Treason Act 1397
- Parliament of England
- Long title: For approving the Opinions of certain Judges concerning the Statute and Commission 10 Ric. 2: and for repealing all Proceedings in the Parliament 11 Ric. 2.
- Citation: 21 Ric. 2. c. 12
- Territorial extent: England and Wales; Ireland;

Dates
- Royal assent: 1397
- Commencement: 17 September 1397
- Repealed: 6 October 1399

Other legislation
- Repealed by: 1 Hen. 4. c. 3
- Relates to: Treason Act 1351; Treason Act 1381; Treason Act 1399; Statute Law Revision Act 1863; Statute Law Revision (Ireland) Act 1872;

Status: Repealed

Text of statute as originally enacted

= Treason Act 1397 =

Act of the Parliament of England

The Treason Act 1397 (21 Ric. 2. c. 12) was an act of the Parliament of England. It was supplemented by six other acts (21 Ric. 2. cc. 2, 3, 4, 6, 7 and 20). The seven acts together dealt with high treason.
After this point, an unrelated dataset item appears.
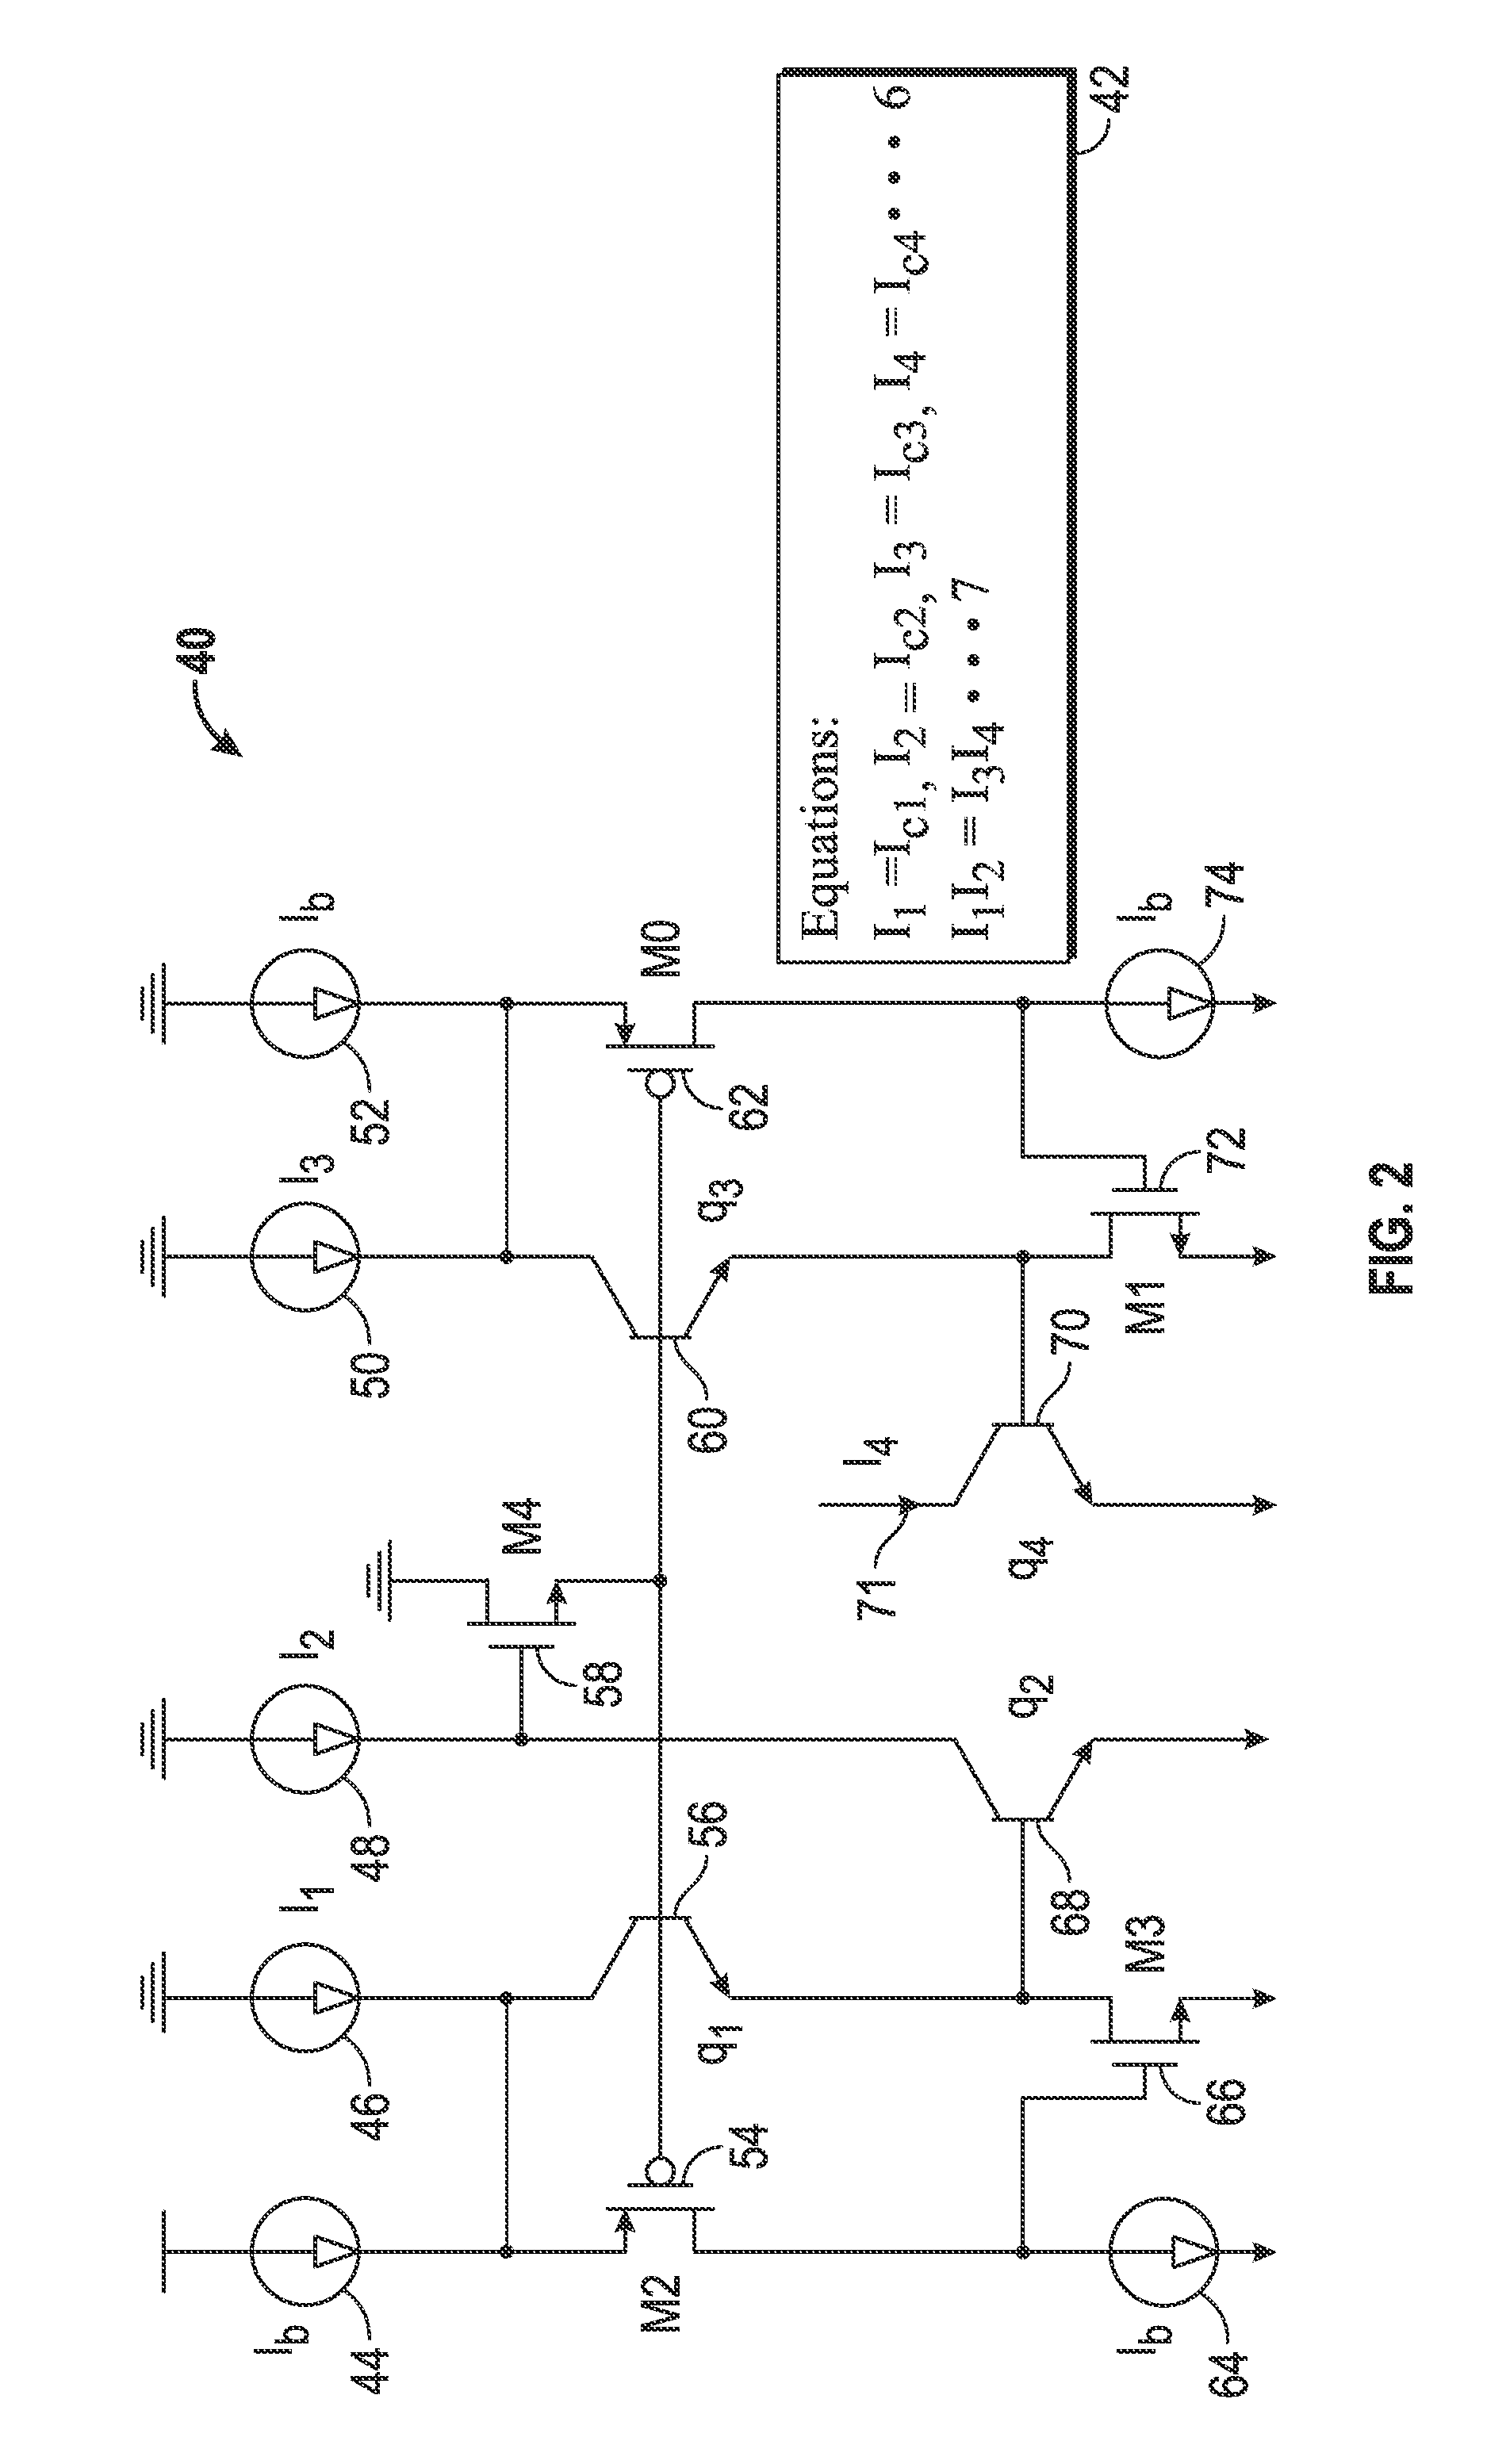 High accuracy bipolar current multiplier with base current compensation
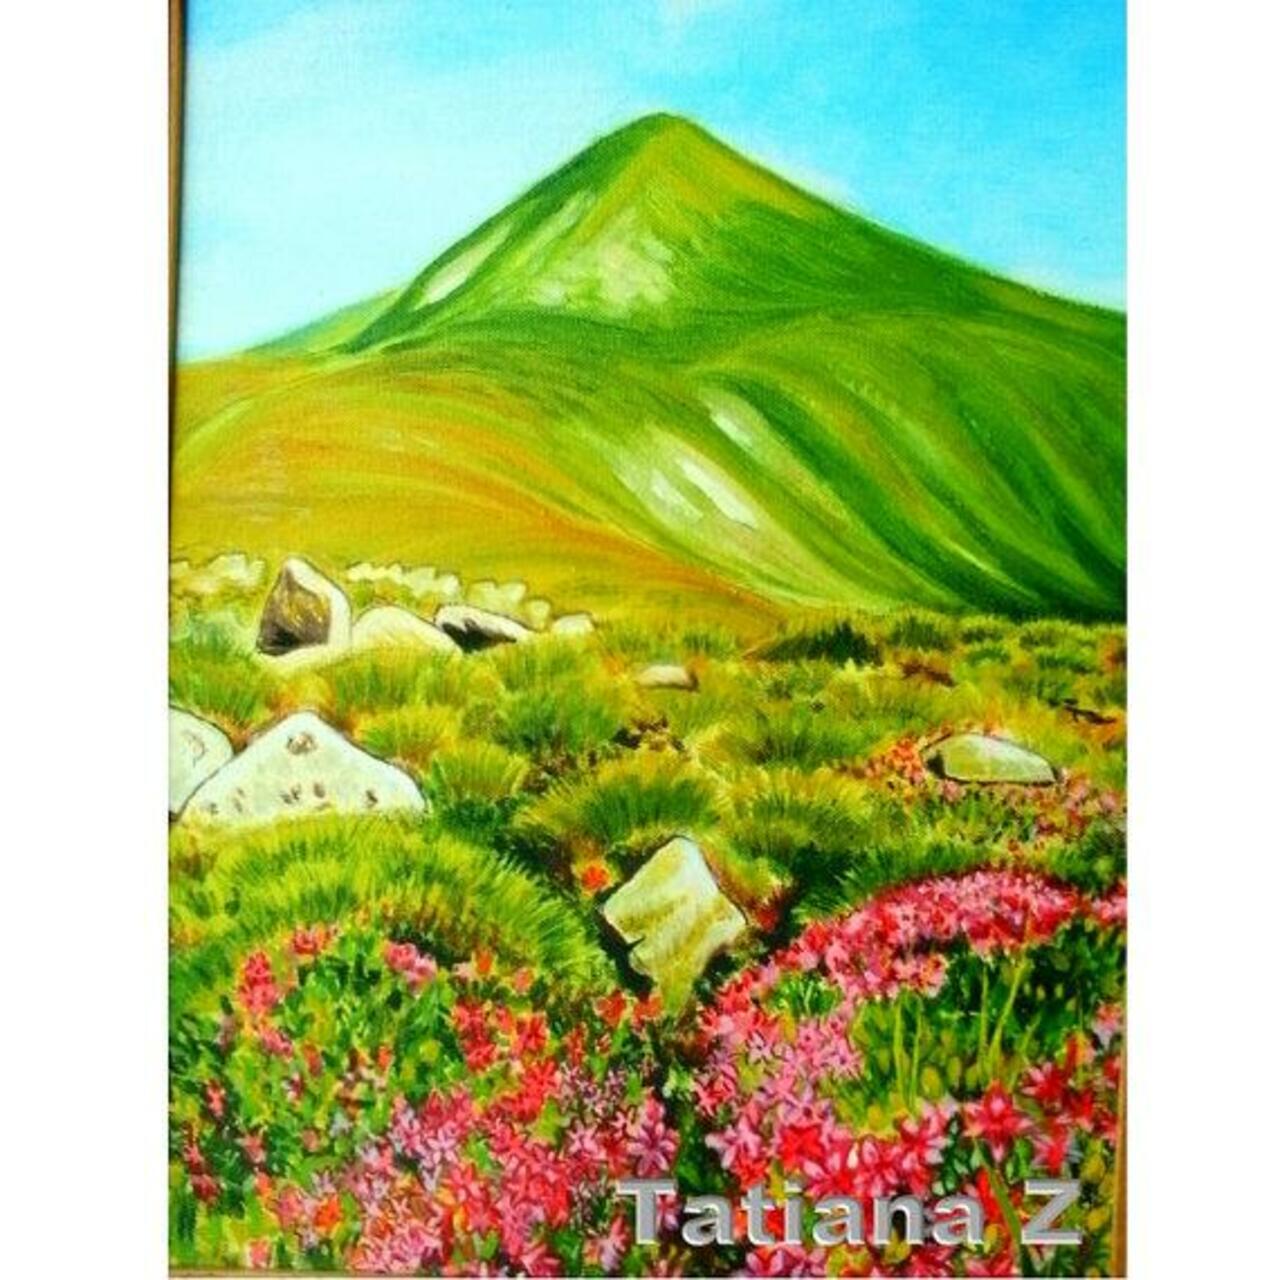 #Green Hill #original oil #painting #art #etsy #landscape http://buff.ly/1x8IW7R http://t.co/wRv3aOALvo

This act was passed during the final years of King Richard II's reign. The main act (c. 12) was stipulated several new crimes which were to be treason. Another act (c. 3) confirmed that to "compasseth or purpose the death of the king, or to depose him", as well as the making of war against him in his realm, were treasonous acts. This act went further than the Treason Act 1351 (25 Edw. 3 Stat. 5. c. 2), which required that the offence be proved "of open deed". A third act (c. 4) also made it treason "to attempt to repeal any Judgments made by Parliament against certain traitors" (i.e. acts of attainder). A fourth act (c. 6) disqualified the sons of traitors from sitting in Parliament or the King's Council. A fifth act (c. 7) voided all "Annuities, Fees, Corodies, and all other Charges made or granted" by traitors after the date of the treason they were convicted of. A sixth act (c. 2) made it treason to set up any commission which was prejudicial to the king (this was in response to a commission of Lords Appellant which had been set up by Parliament in 1386, against Richard's will (10 Ric. 2. c. 1, 1386)). The last act (c. 20) made it treason to "pursue to repeal any of these statutes".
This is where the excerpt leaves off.